Thursday 11 February 2010

Why Brainy is Suddenly Chic














Image: Chris Floyd

Happiness comes from learning, debating and training your brain. There is a new vogue for intellectual pursuits...so writes Giles Hattersley in this article for the Sunday Times Style magazine

Yes, that's the Thinking Girl trying to look preppy.

The Frontline Club: South Africa Twenty Years after Mandela walked to Freedom














I don't remember noticing the news reports of Nelson Mandela's release on this day 20 years ago.  In 1990 I was a 13 year old girl living in a small town in Australia, who was too absorbed in the drama of boys and Point horror plotlines to notice the eminently more dramatic events unfolding outside my bubble.
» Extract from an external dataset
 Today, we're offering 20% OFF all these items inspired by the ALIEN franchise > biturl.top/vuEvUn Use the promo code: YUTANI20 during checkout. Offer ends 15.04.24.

But four years later, feeling far more worldly as a University* student in the big city (*ahem* Brisbane) I shamefully shed a tear over the front page of The Courier Mail as I walked up Anne Sreet.  Pictured was a line of tired but determined African people, patiently waiting to cast their vote for the ANC and Mandela. 
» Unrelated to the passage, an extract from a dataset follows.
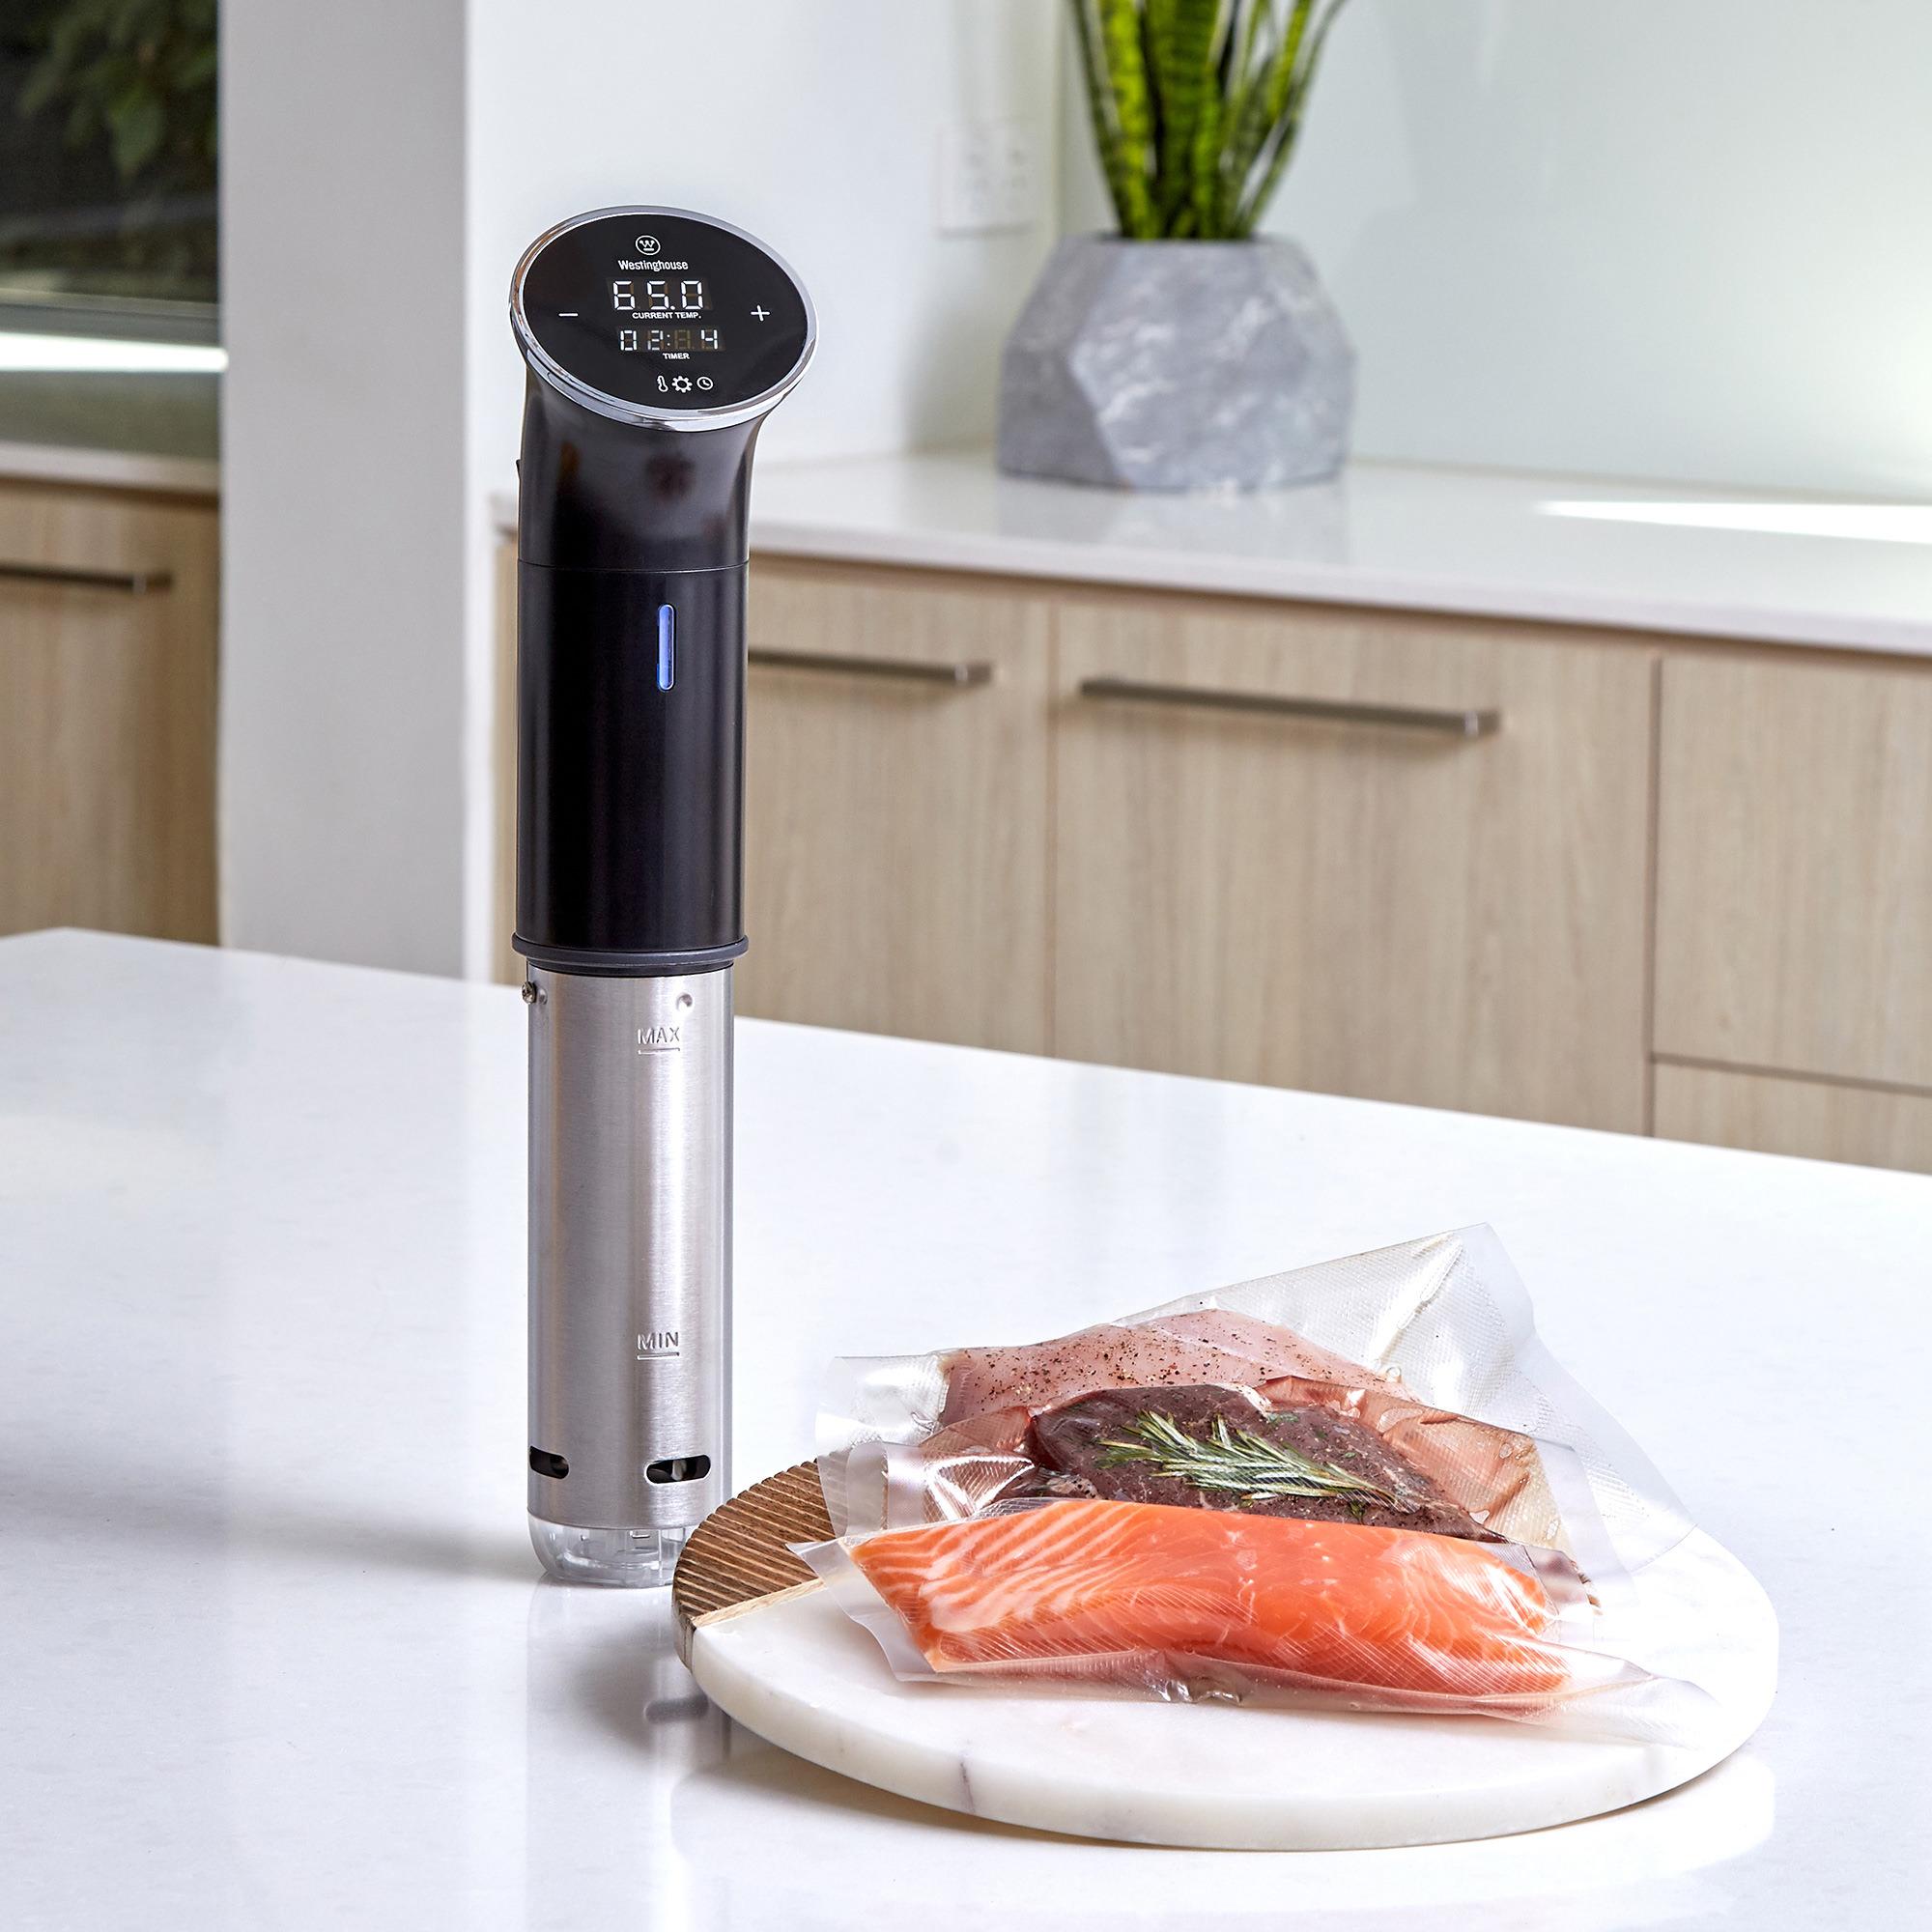 Westinghouse Sous Vide Immersion Cooker Image 6

I now look back on it as a shameful moment, not because I cried openly in public, but because I had made very little effort to actually learn anything about apartheid.  I bought the paper that day solely for the picture; I certainly wasn't a regular newspaper reader. 

My generic sympathy on that day encompassed all those who had experienced struggle, overcome pain and were looking towards more hopeful futures.  And like most of us continue to be today, I was awed by the powerful, almost god-like figure of Nelson Mandela that even a news-virgin such as myself was in thrall to.     

Last night, along with my friend D, I arrived at the Frontline Club's South Africa panel discussion only slightly less ignorant than I was 16 years ago.  Having recently seen the superb film adaptation of J. M Coetzee's 'Disgrace', and hearing varying perspectives on the country from those I know who have lived there, I was keen to become a little more enlightened.

The panel shared their personal recollections of Mandela's release, discussed what had been delivered in South Africa since the ANC was elected, and speculated about the future growth and development of the country.

The speakers found it difficult to commit to whether Mandela was the last of his kind of African leader or the first in a new line, instead positioning him as one of those rare international leaders who transcend their geographic boundaries and national concerns to represent the hope and aspiration of people around the world.  Interestingly, Jacob Zuma (the current South African president who's in a little hot water at present for his virility) is considered to be truly a man of the African people.  This resonates with what I've read in the press about the West's guarded assessment of his government's potential.

John Battersby, co-author of Nelson Mandela: A Life in Photographs, believes South Africa's future can only be understood in the context of its past.  Apartheid deeply affected the psyche of white and black south Africans alike, meaning it could take three generations before reconciliation is achieved and people are lifted out of poverty.

The most touching observation of the evening belonged to the host, BBC news presenter George Alagiah.  A few years ago in South Africa, he asked a group of primary school students if they knew what racism was.  In this predominantly black African school, a young boy pointed to his white classmate and said: "It's when I look at Devon and call him a whitey".  

The full discussion can be heard on The Frontline Club's site.  

*I started University aged 16, not because of any precocious displays of intelligence, but as a consequence  of Queensland's pliable rules on school starting ages and a secondary schooling that only runs to Year 12.